Here's how the sample names breakdown:

| Sample | Develomental Stage (days post-fertilization) | pH Treatment |
|--------|-------------------------|--------------|
| MG1    | 13                      | 8.2          |
| MG2    | 17                      | 8.2          |
| MG3    | 6                       | 7.1          |
| MG5    | 10                      | 8.2          |
| MG6    | 13                      | 7.1          |
| MG7    | 17                      | 7.1          |

---

# RESULTS

Output folder:

- [20190408_metagenomics_pgen_quast_comparison/](http://gannet.fish.washington.edu/Atumefaciens/20190408_metagenomics_pgen_quast_comparison/)

Quast report (HTML):

- [20190408_metagenomics_pgen_quast_comparison/quast_results/results_2019_04_08_09_47_17/report.html](http://gannet.fish.washington.edu/Atumefaciens/20190408_metagenomics_pgen_quast_comparison/quast_results/results_2019_04_08_09_47_17/report.html)
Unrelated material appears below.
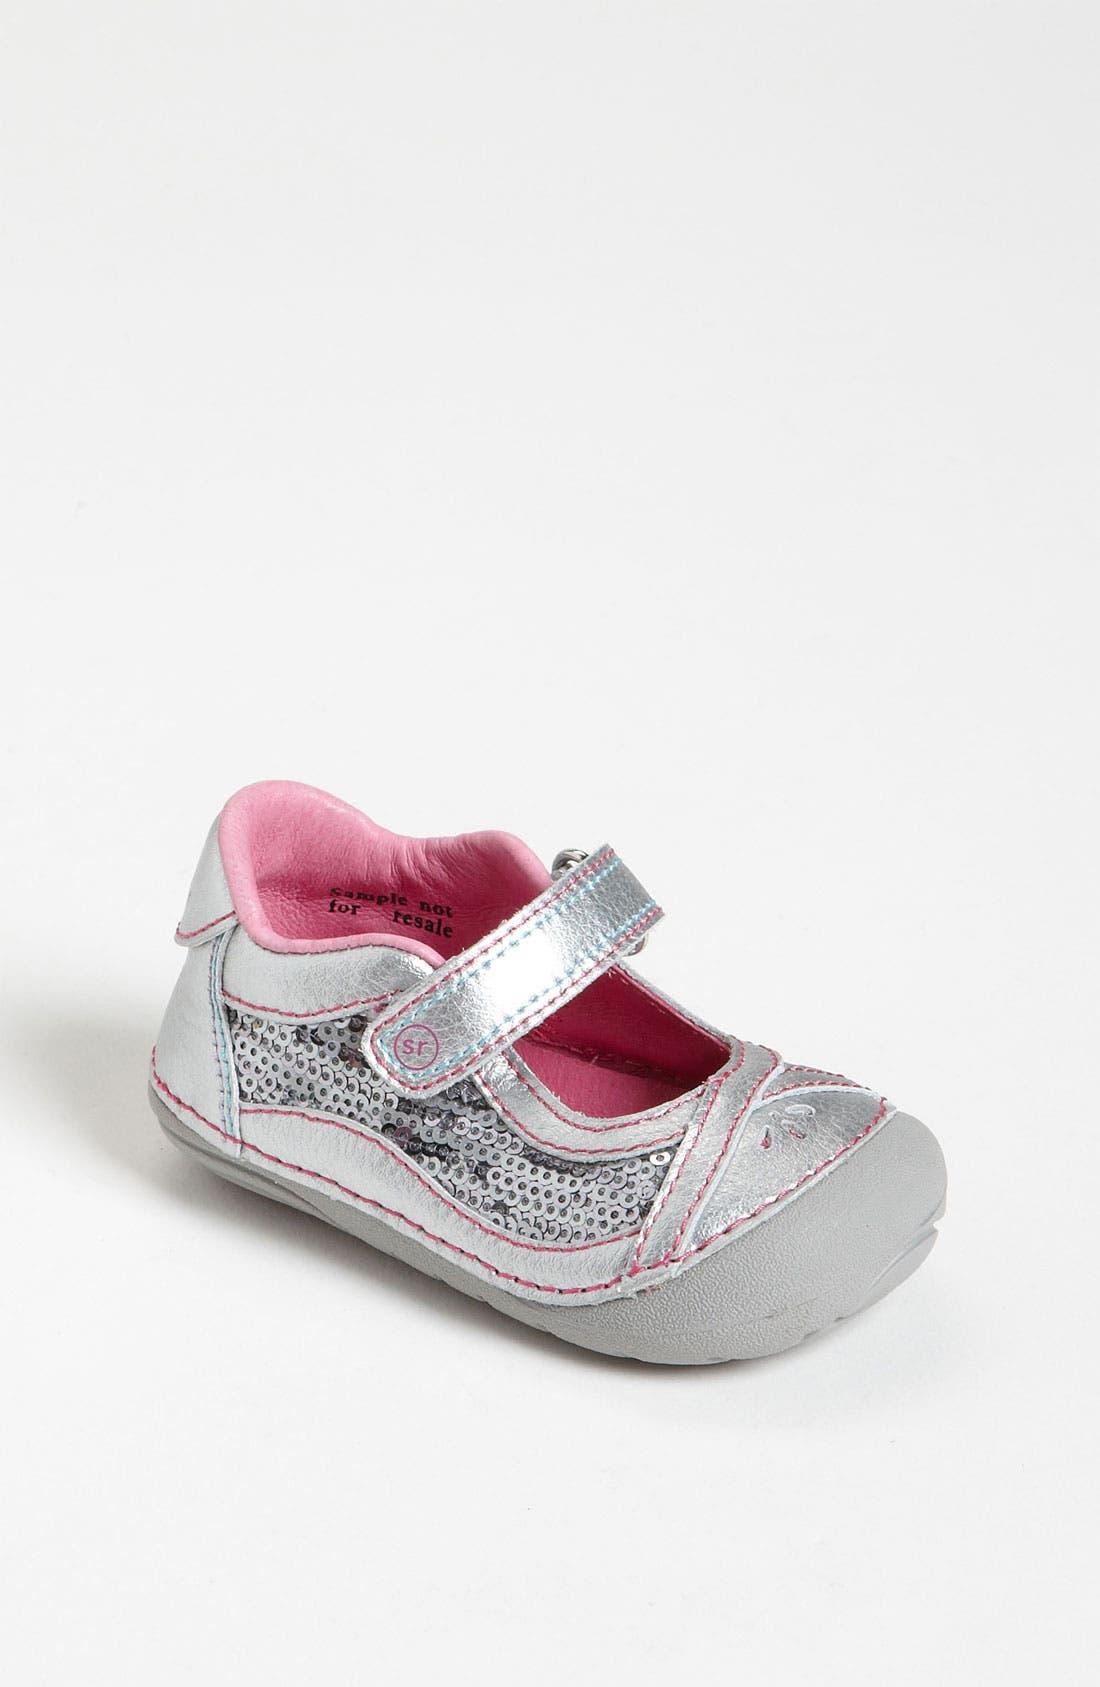 Alternate Image 1 Selected - Stride Rite 'Dream Queen' Sneaker (Baby & Walker)

![Screen cap of assembly comparison report](https://github.com/RobertsLab/sams-notebook/blob/master/images/screencaps/20190408_metagenomics_pgen_quast-01.png?raw=true)

Well, these results are very strange. The thing that immediately jumps out to me is how "small" Emma's assembly is. My assembly has nearly _5x_ the number of bases as hers does (2.2Gbp vs 412Mbp). This is an enormous disparity between the two assemblies. I'll talk to Emma and try to get explicit details on how she constructed her assembly.